[grsec] Q. 'const'antify the members of a structure

[pageexec at freemail.hu]

On 27 May 2010 at 12:31, J. R. Okajima wrote:

> The grsec/pax patches make member of struct brabra_operation 'const.'
> I don't understand why they need these 'const'. They modifies some of
> structures, but other structures.
> What do they want to protect from what?

the goal is to reduce the number of writable function pointers which is
part of a larger strategy for kernel self-protection.

> From my point of view, the keyword 'const' is essentially a feature of C
> language and it never modifes the behaviour of software. It just
> prohibits the assignment (or modification) to a variable which is
> expected not to be modified.

you're talking about the human point of view, but that's only part of the
whole picture, the machine point of view is quite different in fact. in
particular it's up to the toolchain and runtime environment to actually
enforce the const (read-only) property of code/data. as you may have inferred
it by now, PaX (and in particular KERNEXEC) does exactly that. even vanilla
kernels have been able to do this partially (DEBUG_RODATA) for a while now.
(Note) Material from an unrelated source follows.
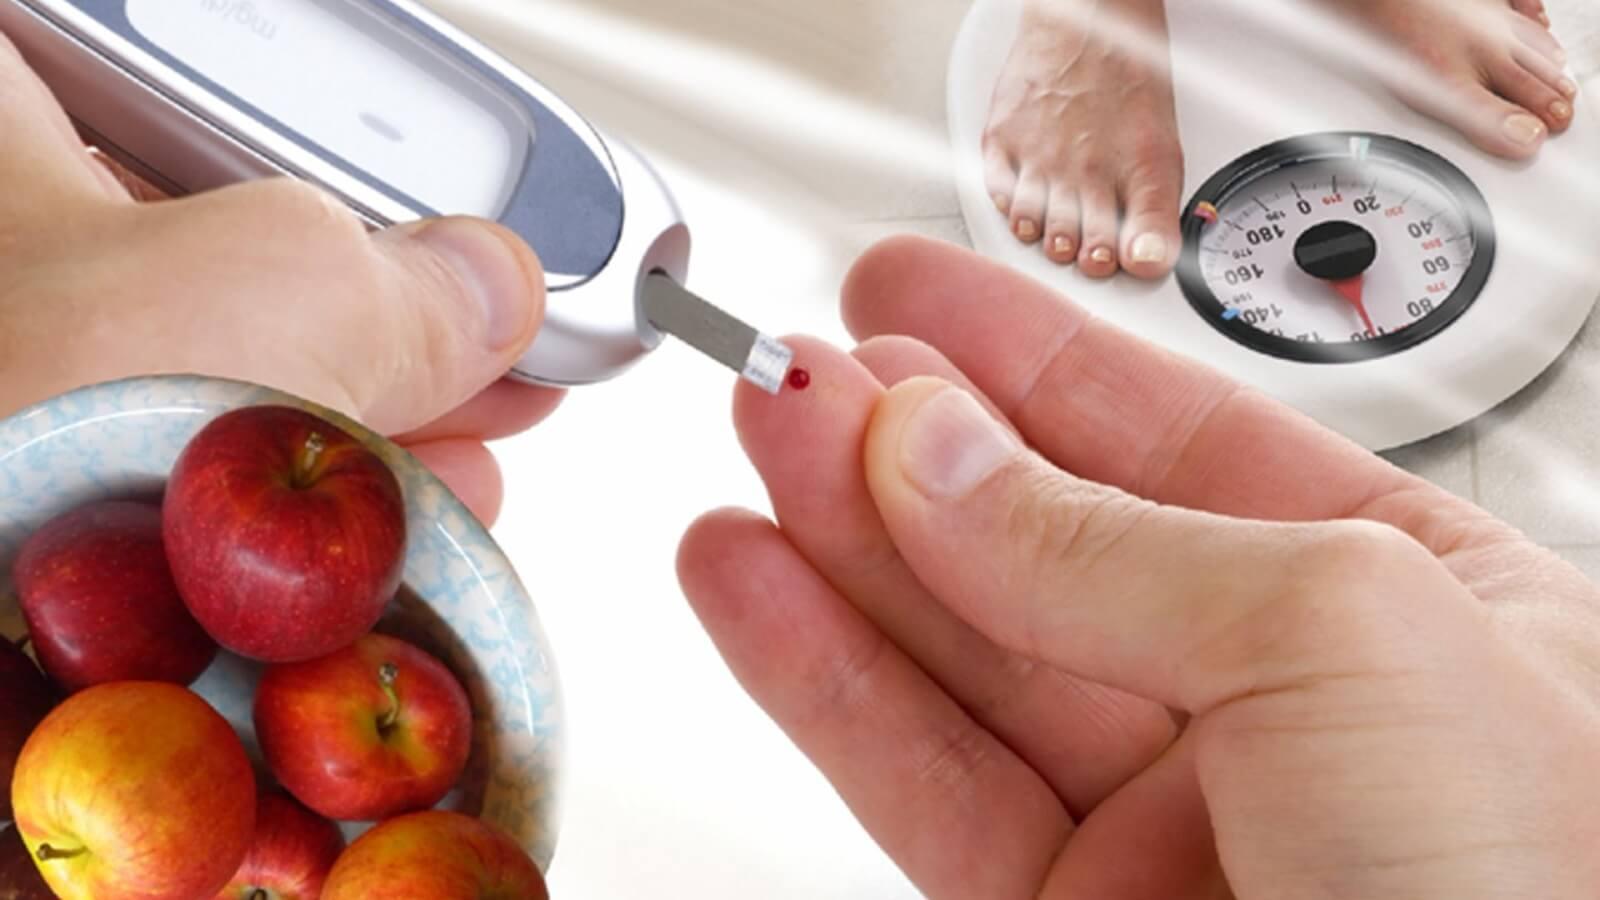 Дают ли группу при сахарном диабете и как патология влияет на качество жизни больного

> In other word, it is a feature for programmers and doesn't enhance the
> security level. Actually programmers can bypass 'const' easily by
> indirect assignment.

try that under KERNEXEC (or even DEBUG_RODATA) and report back the results ;).

> Also the grsec/pax patches modifies some assignments to the member
> of struct brabra_operation in mainline kernel, but they don't make the
> confirmation fot that.

what makes you think that we don't do that? there are many things in PaX
that assume certain 'invariants' in the kernel that have to be verified
*manually* for each release. that's one reason why porting PaX is not a
trivial business for example. so you can rest assured that we are very
much aware of what dangers the 'forking' of such an ops structure presents
and we check for changes each time we make a forward port.